OK, they use KVM or Xen, so it’s not oversold. So, yes, you need to reduce memory. You cannot run production services on a system that’s having OOM killer events. Nothing me or Webmin can do about that.

The only right number of OOM killer events is zero.

Here’s what’s been killed from syslog just today:

grep -i kill /var/log/syslog
Mar  9 00:00:02 vps1 systemd[1]: lfd.service: Main process exited, code=killed, status=9/KILL
Mar  9 01:36:30 vps1 systemd[1]: packagekit.service: Main process exited, code=killed, status=15/TERM
Mar  9 03:46:08 vps1 systemd[1]: packagekit.service: Main process exited, code=killed, status=15/TERM
Mar  9 05:00:45 vps1 systemd[1]: lfd.service: Main process exited, code=killed, status=9/KILL
Mar  9 06:51:50 vps1 spamd[15781]: spamd: child [16087] killed successfully: interrupted, signal 2 (0002)
Mar  9 06:51:50 vps1 spamd[15781]: spamd: child [16088] killed successfully: interrupted, signal 2 (0002)
Mar  9 07:00:10 vps1 systemd[1]: lfd.service: Main process exited, code=killed, status=9/KILL
Mar  9 07:37:42 vps1 systemd[1]: packagekit.service: Main process exited, code=killed, status=15/TERM
Mar  9 11:32:22 vps1 systemd[1]: lfd.service: Main process exited, code=killed, status=9/KILL
Mar  9 13:40:50 vps1 systemd[1]: packagekit.service: Main process exited, code=killed, status=15/TERM
Mar  9 14:52:16 vps1 systemd[1]: lfd.service: Main process exited, code=killed, status=9/KILL
Mar  9 15:27:19 vps1 systemd[1]: lfd.service: Main process exited, code=killed, status=9/KILL
Mar  9 19:35:54 vps1 usermin[32541]: /etc/usermin/stop: 4: kill: No such process
Mar  9 19:41:20 vps1 systemd[1]: packagekit.service: Main process exited, code=killed, status=15/TERM

Yesterday is even worse…

*Edit
It should state invoked oom-killer though, which it isn’t.

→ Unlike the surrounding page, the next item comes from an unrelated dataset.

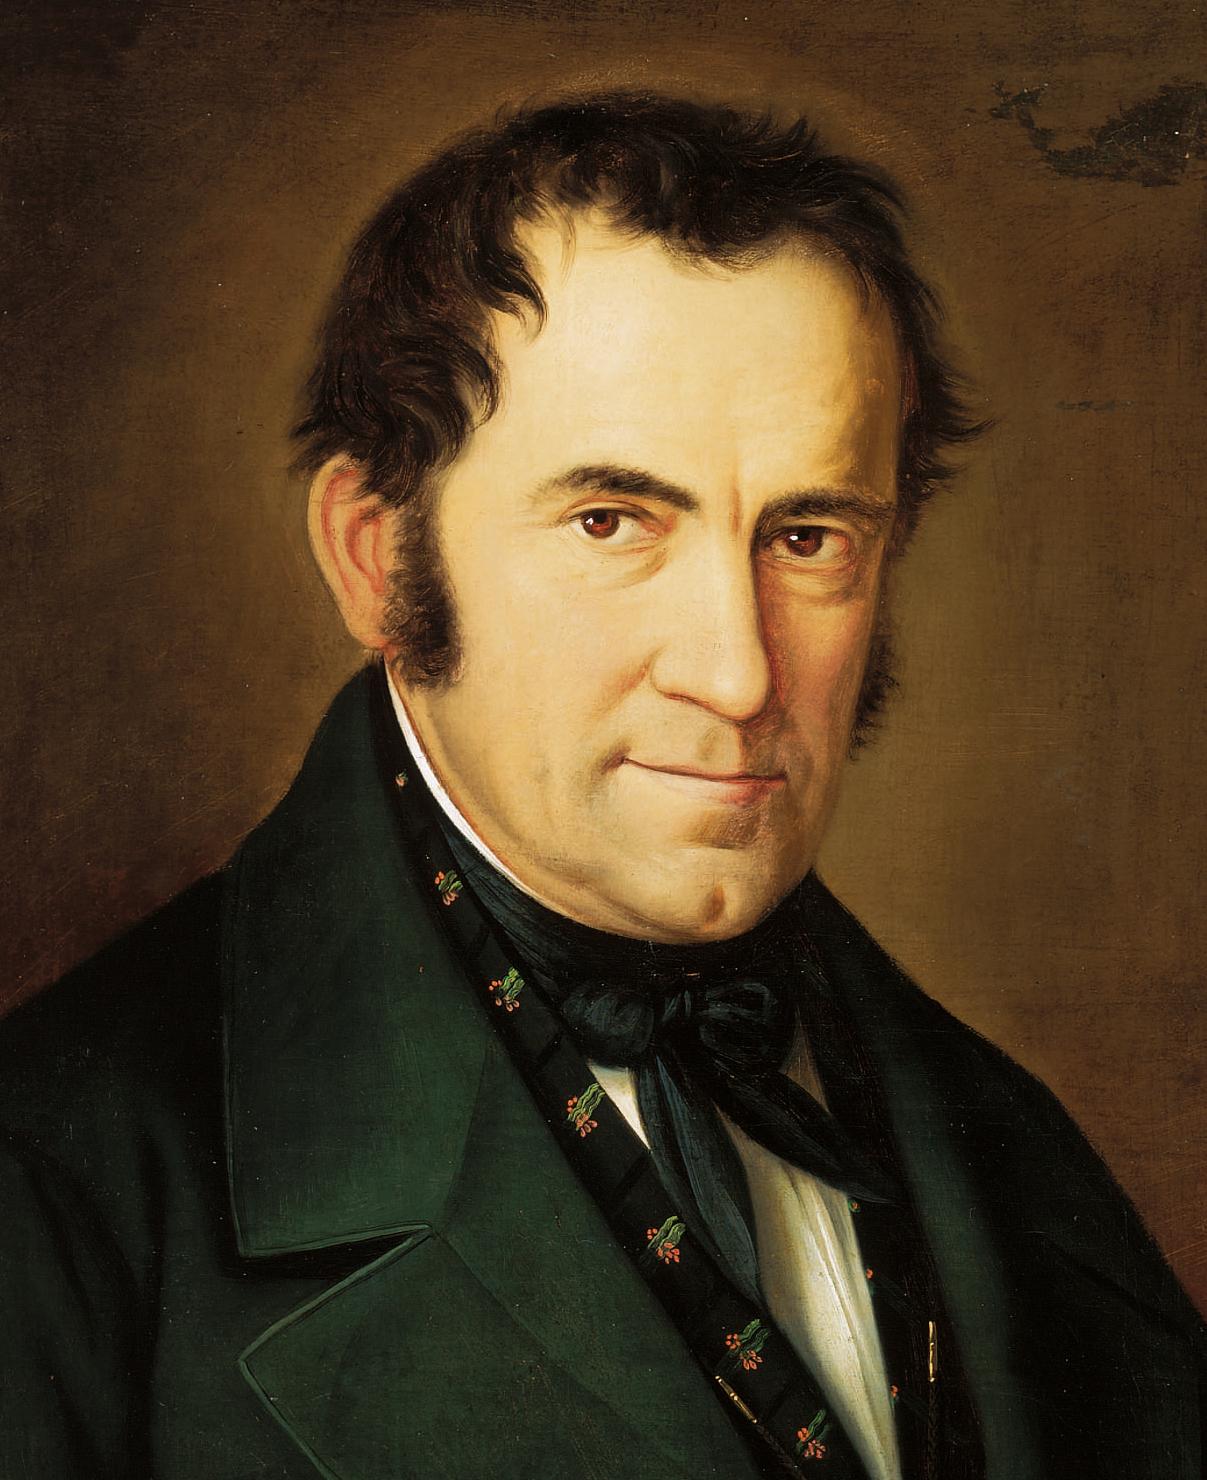 http://upload.wikimedia.org/wikipedia/commons/e/e4/Franz_Xaver_Gruber.jpg

That’s not the OOM killer. OOM killer is a kernel event, and will appear in the kernel log.

There’s nothing in the kernel logs about the OOM killer.

OK, then it’s some other problem. I don’t have good guesses about what. It seems like it has to have been Webmin being killed while it was writing the file (or it ran out of space), and if it’s not the OOM killer, I don’t know what else it’d be.

This topic was automatically closed 8 days after the last reply. New replies are no longer allowed.